I pad down the hall, slowing past an open bedroom door. Above a pile of clothes, a poster of a giant tortoise is pinned to the wall. “Solitario Jorge,” reads a caption beneath. Everything in the apartment seeps into me and weighs me down with feeling, until finally the smell of economy soap quashes me flat. Worse, it’s Gerd’s soap, a six-pack from the discount market. Not that economy itself is dampening—I’m glad to wash my hands, and do it thoroughly, as if my troubles stained me. But the scent combines with gray light through a window to smack of hard reality.
Which is the smack of defeat. I hurry from the bathroom.
“Sit.” Anna pulls out a chair at the kitchen table. Cakes have been put on a plate, and she passes a mug of steaming dirty water.
“What is it?”
“Sage tea. It’s what you need.”
I pick up the tea box: “Says here it’s for symptoms of menopause.”
“Exactly. Gisela won’t mind.”
And so we sip, and toy with our mugs. Our exchanges come roughly the same distance apart in time as the apartment’s knickknacks sit in space. A clock ticks somewhere, and in the general quiet, watched by those knickknacks, conversation becomes irrelevant.
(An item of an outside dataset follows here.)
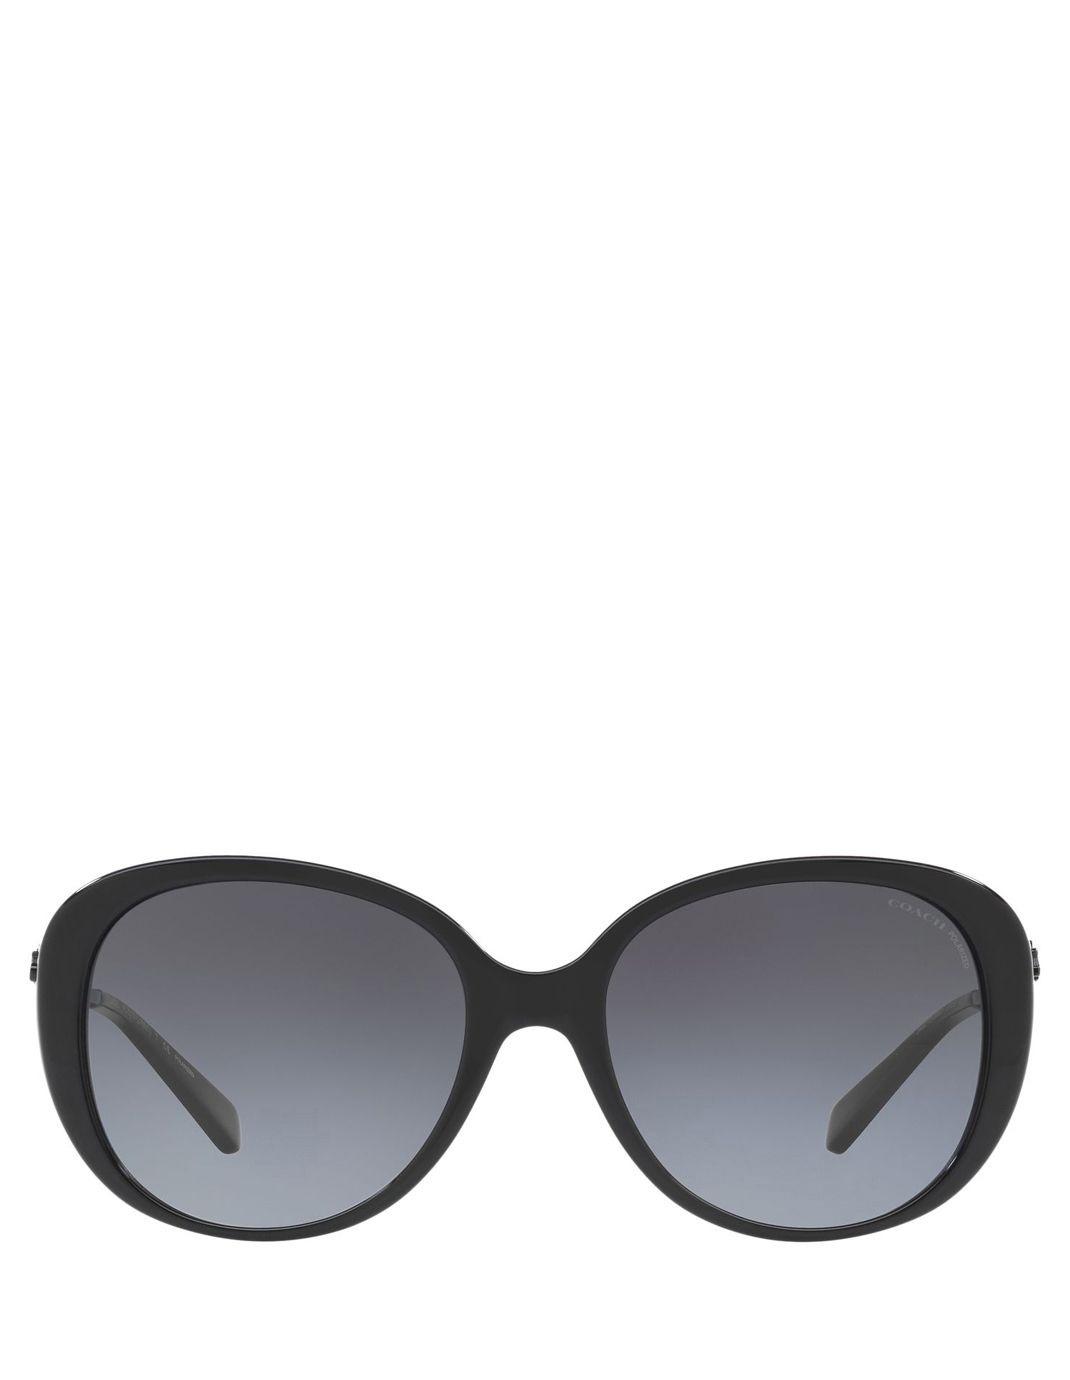 13d33bf6a2 ... switzerland coach hc8215 sunglasses myer online 1f34c 91ba2

Slurps of tea mix with soap smells and despair to boom juicily through the air. Economy soap is too intimate a thing for daylight, I decide. I kill an impulse to imagine Anna under her clothes, lest a small romance of the mind take hold, which would be a bitter taunt at such a moment.* In fact, unable to salvage any workable plan from the day’s developments, and even foreseeing a ruinous collision of worlds up ahead, my life’s horizon has shortened to minutes. One more setback, one more untoward revelation is all it will take to wrap up the odyssey. This, after all the false endings, all the dashed hopes and sudden twists—is the point of the cone.
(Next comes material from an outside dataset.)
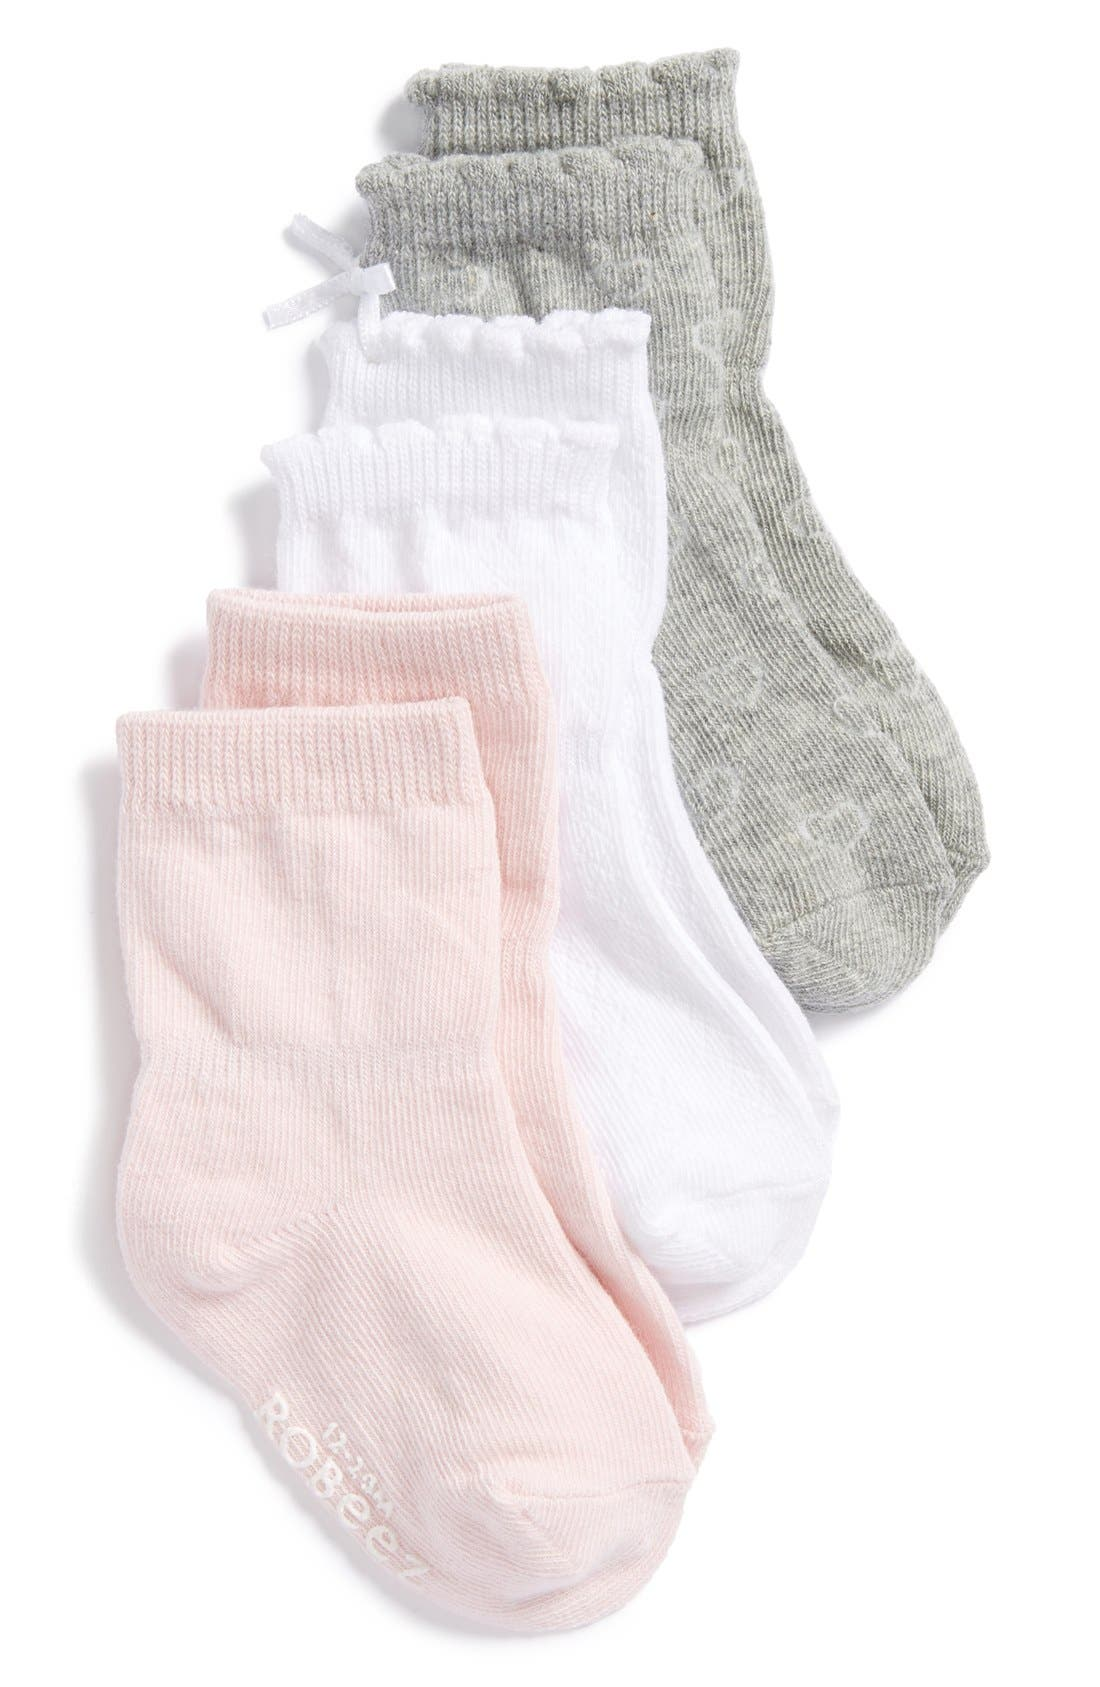 Kickproof Ankle Socks,                         Main,                         color, 650

“I might have to go around nightfall,” I say. “Will you be okay?”
“Pff—better than watching you drink.”
“I’m not going to drink.”
“Then I definitely don’t need to know. Anyway, better here than with Herr Pietsch.”
“Gottfried? He’s suddenly quite a character. His face is even starting to move.”
“Lately he comes every morning for coffee. I’m the one who opens the Imbiss in the mornings. He just monitors you.”
“Old habits die hard.”
“I wish they would die. Have you been to see Stasi headquarters? Not to say anything bad about Herr Pietsch, he can also be sweet, and I know he’s just lonely. But at the Stasi museum they all look like him—scary old farm boys with animal eyes.”
“They’re still there?”
“In photographs! And the headquarters are just as sad. When you see the quality of things they made in the GDR it’s pathetic, like schoolchildren’s work. There were no incentives. If you tried to do better than the lowest comrade, you’d make him look bad and everyone would hate you. So you worked to the lowest common denominator.”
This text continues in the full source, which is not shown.